But the document is relatively short and not very specific.

Here, an actual ISPE Guide helps. The document's name is "Science and Risk-Based Approach for the Delivery of Facilities, Systems, and Equipment" and it was written in 2011. The Guide provides direction to industry on the implementation of a science- and risk-based approach for demonstrating that facilities, systems, equipment and associated automation are fit for the intended use. So far, these activities fell under the concept of qualification.

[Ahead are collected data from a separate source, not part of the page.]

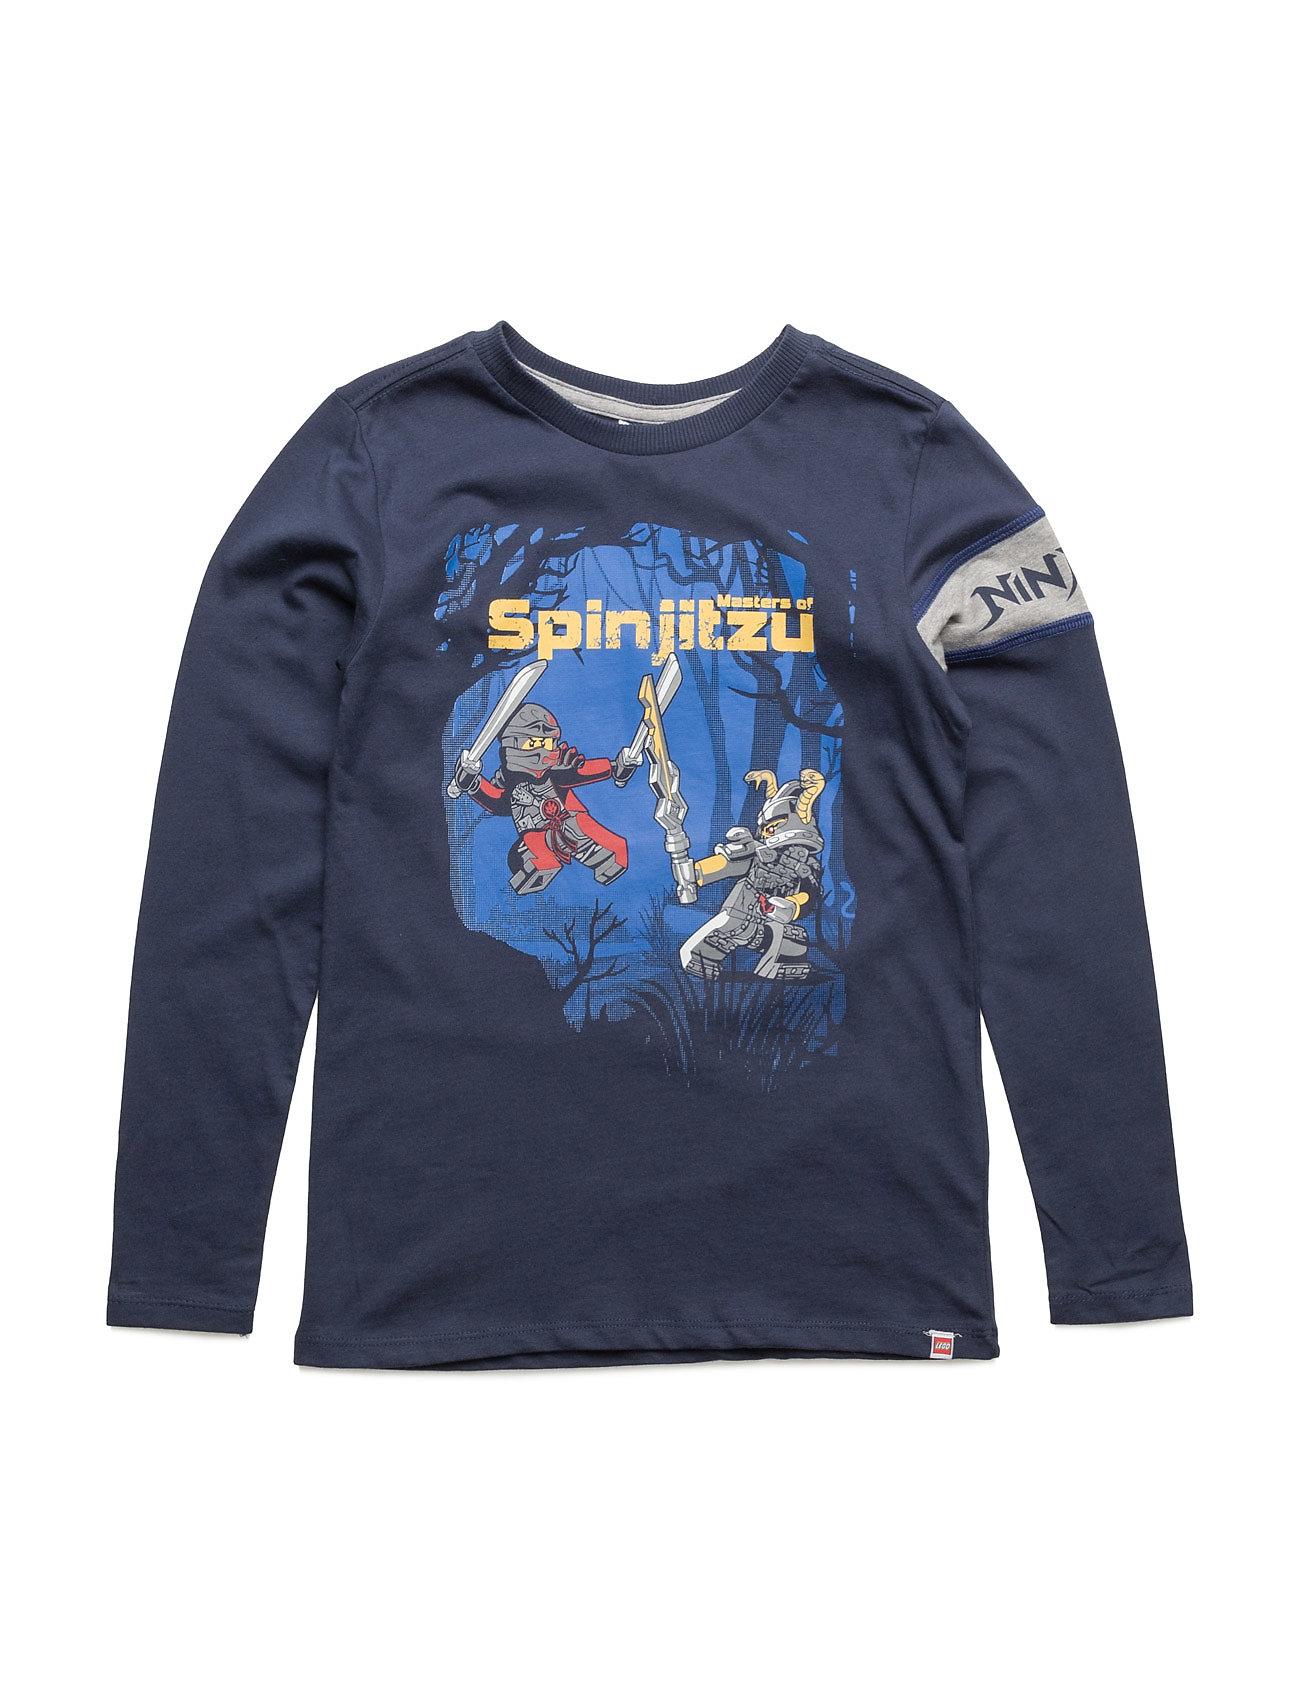 Teo 730 - T-Shirt L/S Lego wear Langærmede t-shirts til Børn i Mørk Navy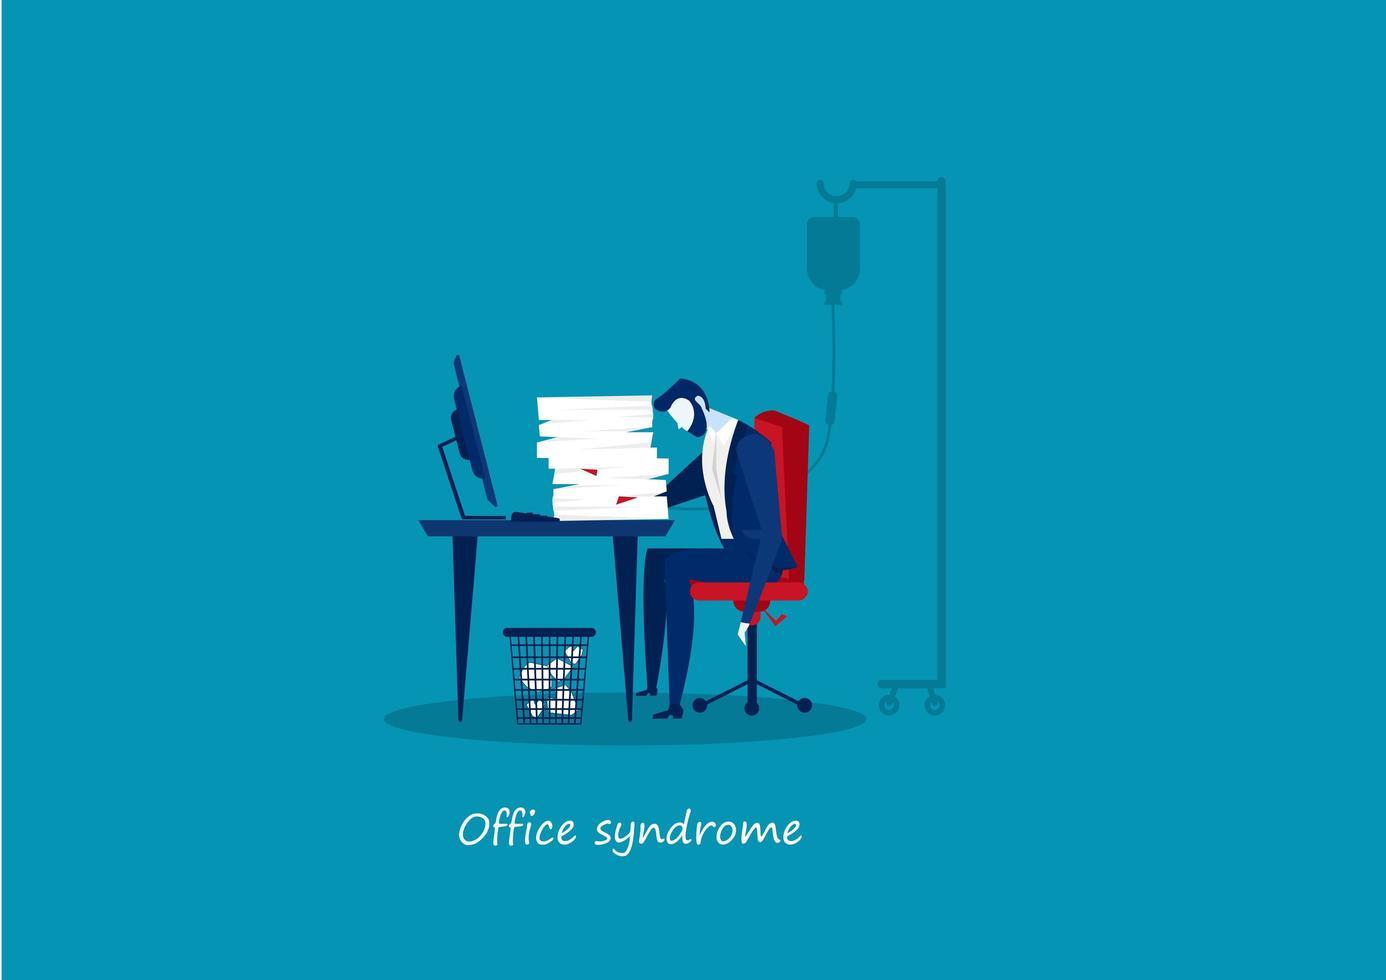 homem de negócios cansado com síndrome de escritório vetor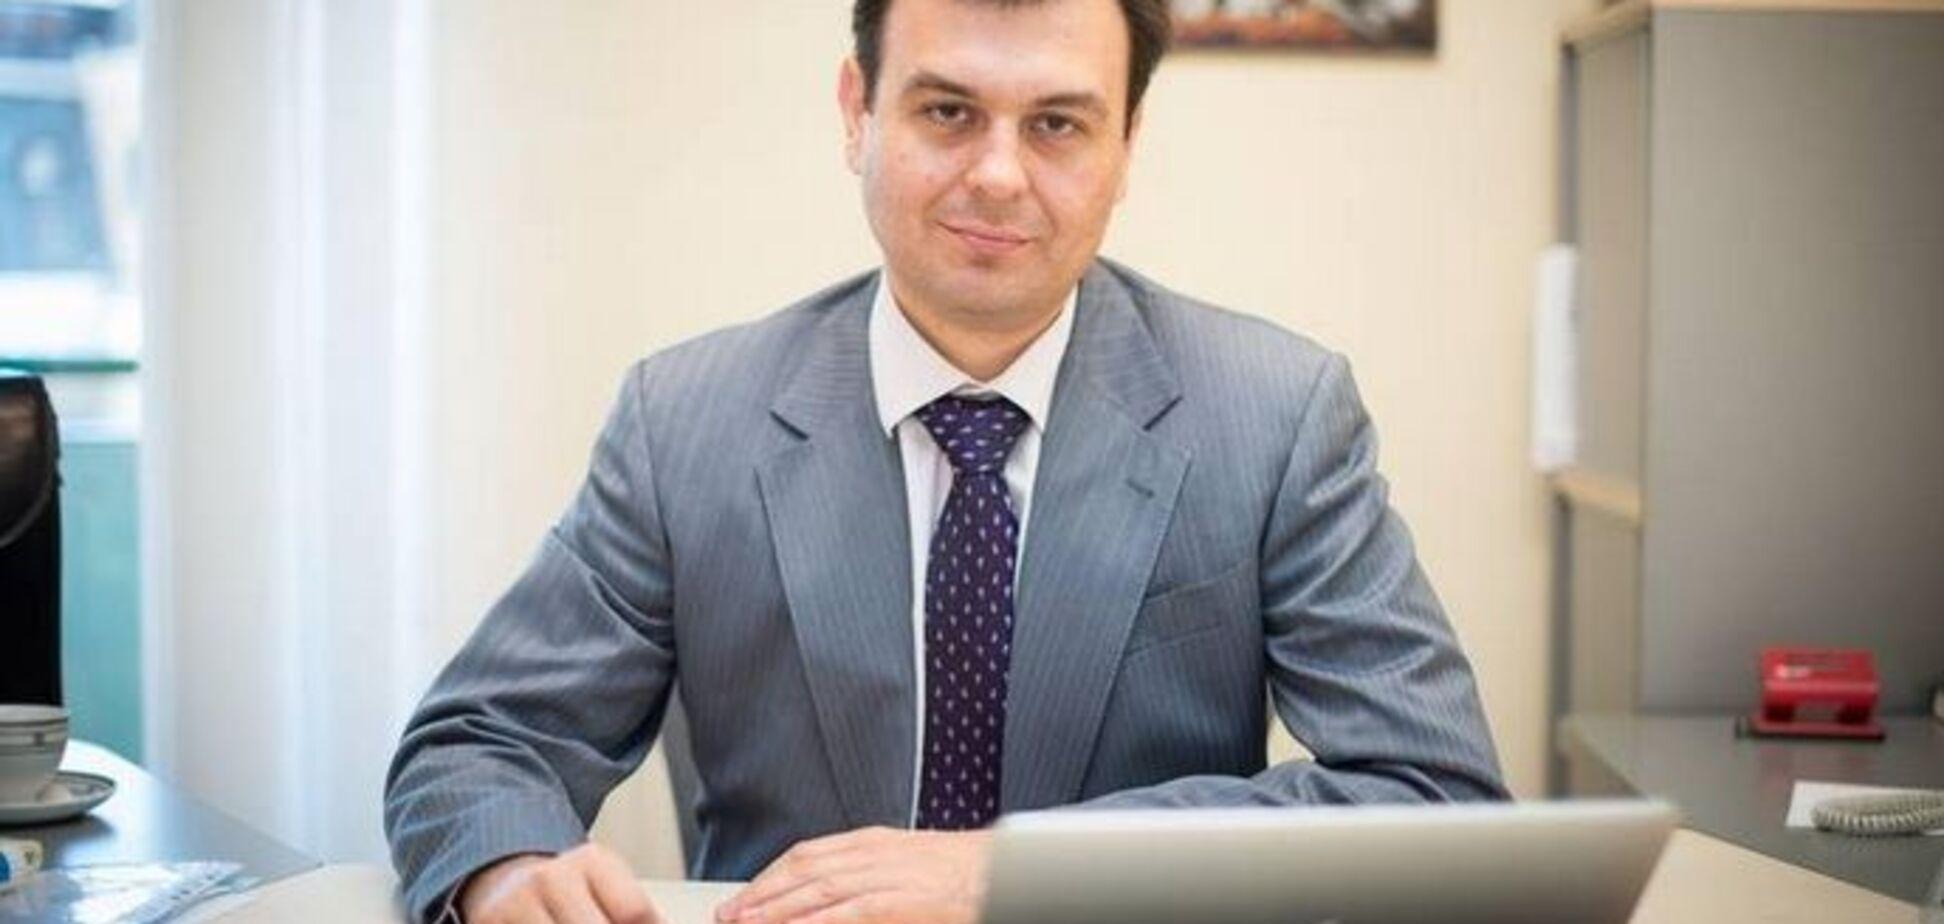 Команда Зеленского готовит реформу налоговой системы: в чем суть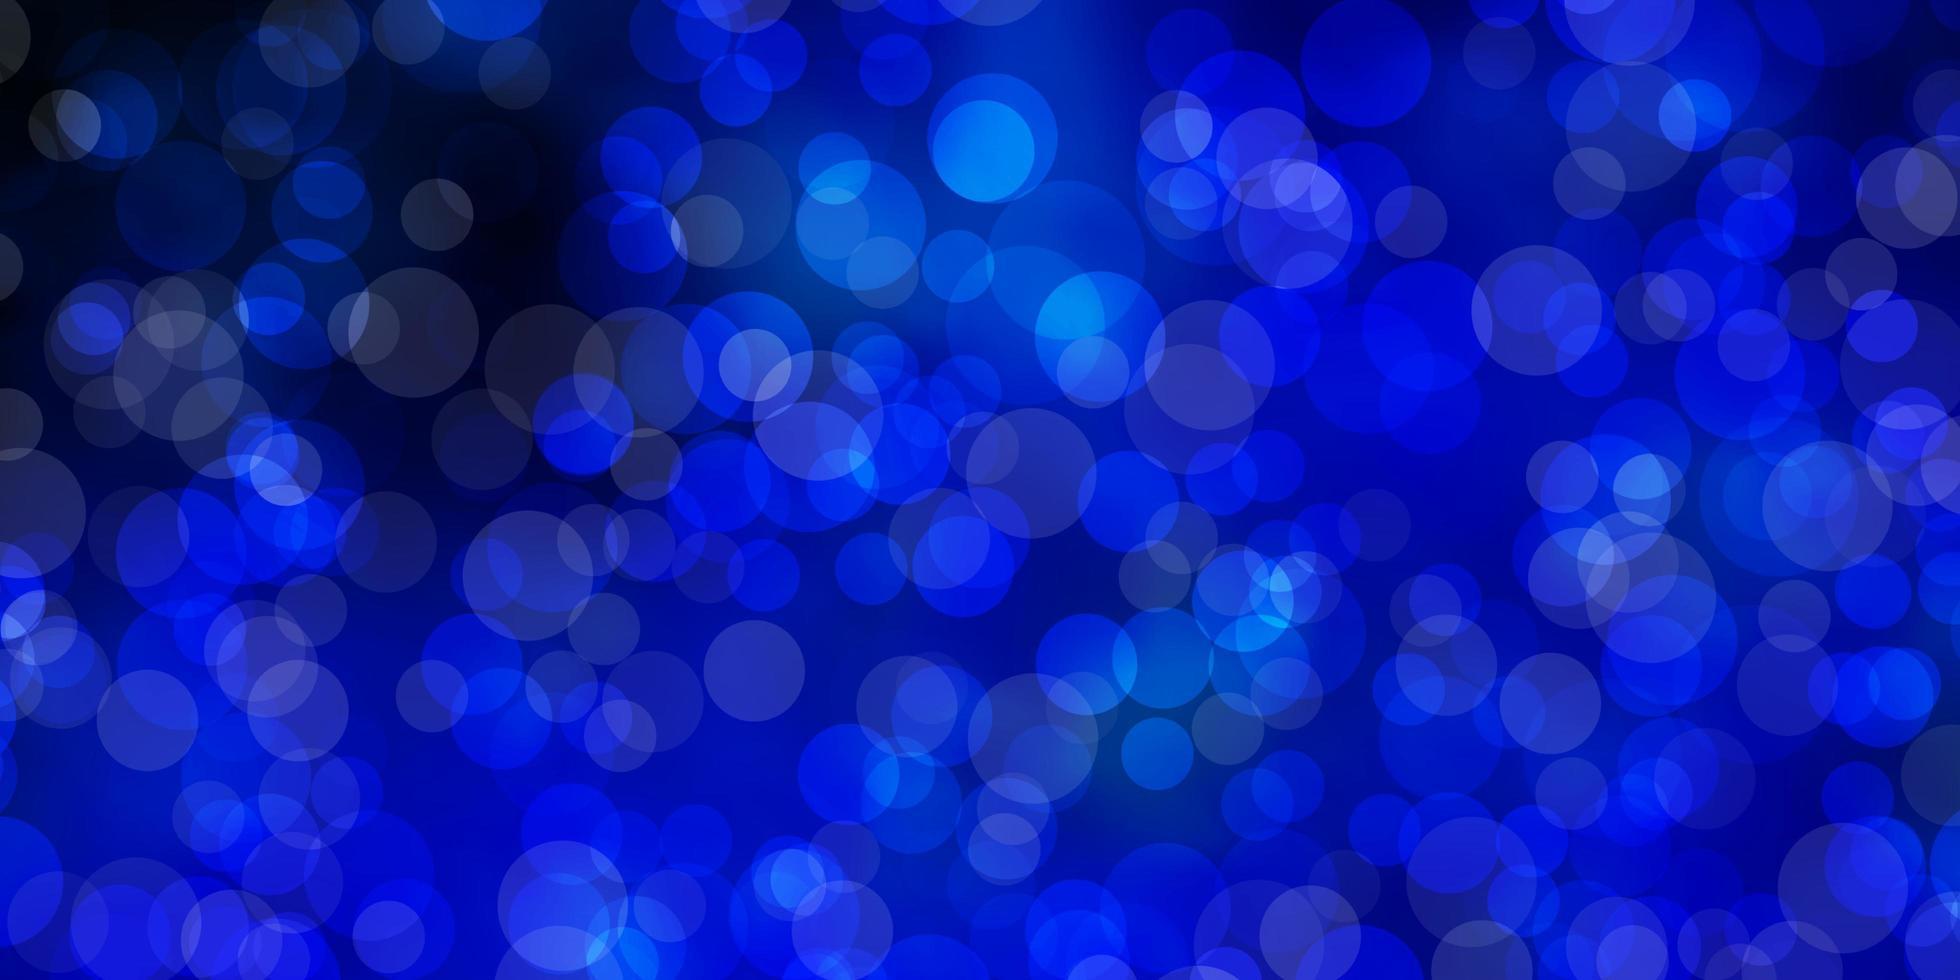 fundo vector azul escuro com bolhas.

The Guide is a comprehensive document, consisting of 116 pages but it can be read smoothly. It is divided into the following chapters:

1 Introduction
2 Overview of the Life Cycle
3 Requirements
4 Specification and Design
5 Verification, Acceptance, and Release
6 Continual Improvement
7 Quality Risk Management
8 Good Engineering Practice
9 Design Review
10 Change Management
11 - 17  Appendices

The following key concepts are listed in the introduction:

• science-based quality risk management 
• product and process understanding 
• flexible approach to specification and verification 
• focus on achieving fitness for intended use 
• clarification of roles and responsibilities (of Quality Unit and SME) 
• leveraging supplier activities

A table shows the expected benefits connected with the application of the key concepts mentioned above. In short, the following achievements should be possible by applying the concepts: a better definition of critical aspects, improvements in design, a lower cost of testing, a better application of resources and avoiding repeated specification and verification activities.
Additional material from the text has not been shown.